Norwegian journalist

Audhild Gregoriusdotter Rotevatn (born 9 May 1975) is a Norwegian journalist, television host, and radio presenter, who has worked for the Norwegian Broadcasting Corporation and the now defunct Kanal 24. She is known for her unusual name and consistent use of Nynorsk. She is CEO of Viti museums in Aalesund, Norway.

==Career==
Rotevatn started her journalistic career as an intern in Sunnmørsposten, followed by a short spell in Bergens Tidende. Having finished radio journalism studies at Volda University College, she began working for the Norwegian Broadcasting Corporation in 1999. Rotevatn was a news presenter in Dagsnytt and a sports anchor on NRK1. She moved to Kanal 24 in 2003, initially working as a news anchor. She eventually became news director. Following the ownership change in Kanal 24, Rotevatn left the radio channel and joined I&M Kommunikasjon, an advertising company, as a communications advisor. Rotevatn is also a regular columnist for Dag og Tid, Vårt Land, and Språknytt.

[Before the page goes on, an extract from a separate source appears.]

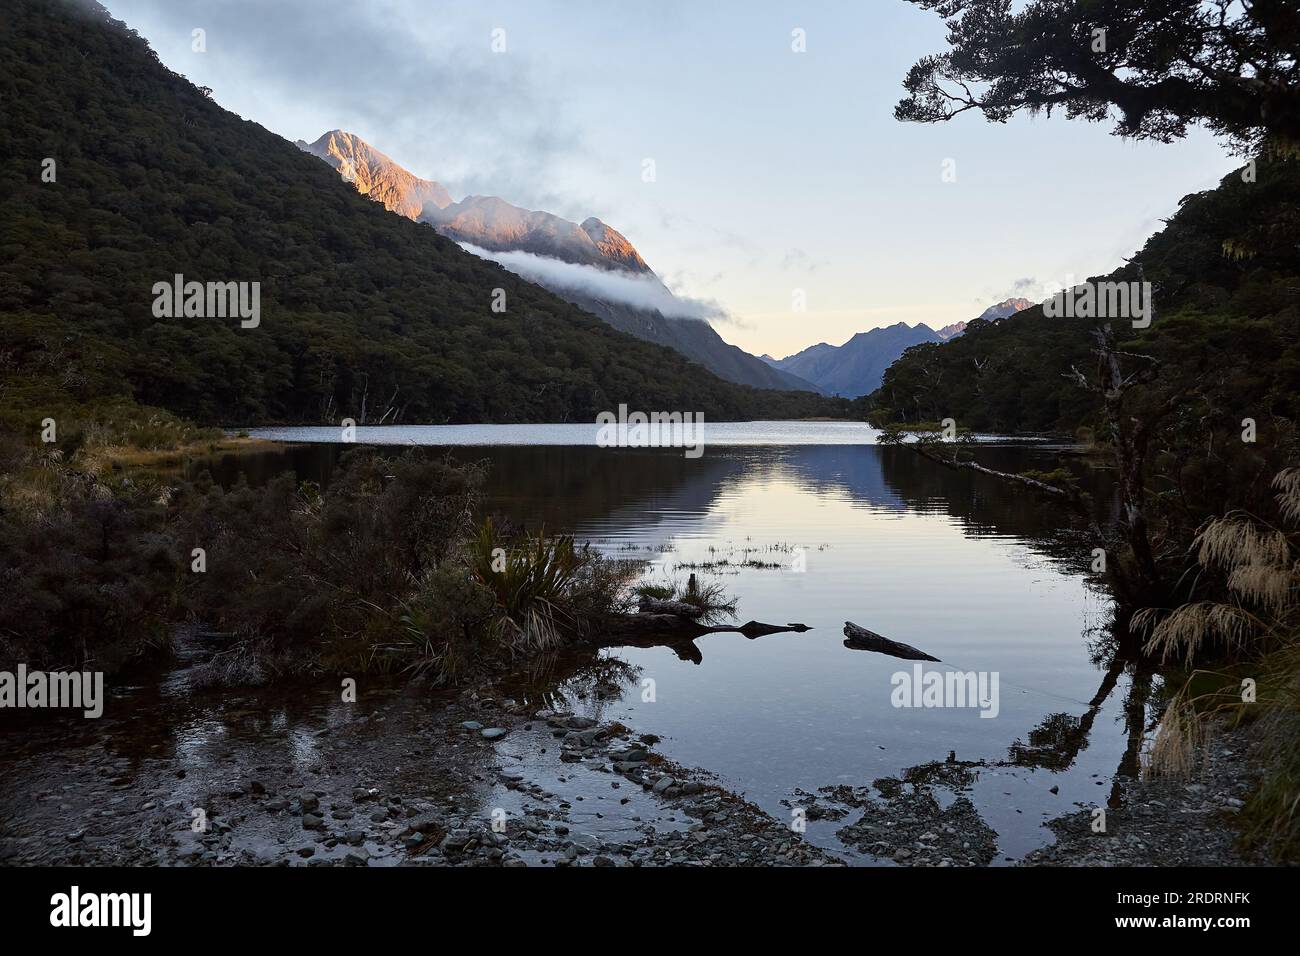 Landschaftlich reizvolle Berglandschaft am See in Neuseeland Stockfoto

In 2009, the Arts Council Norway offered Rotevatn a position in the committee that evaluates newspapers for press support. Rotevatn was a member of the board of Dag og Tid at the time. After informing the Arts Council about the possible conflict of interest, she resigned from the Dag og Tid board, and accepted the committee position. Dag og Tid received a major increase in subsidy, and Rotevatn was criticized by Christian newspaper Norge IDAG, who lost press support after being assessed by the committee. The Arts Council maintained that there had been no conflict of interest since Rotevatn left the board of Dag og Tid before joining the committee.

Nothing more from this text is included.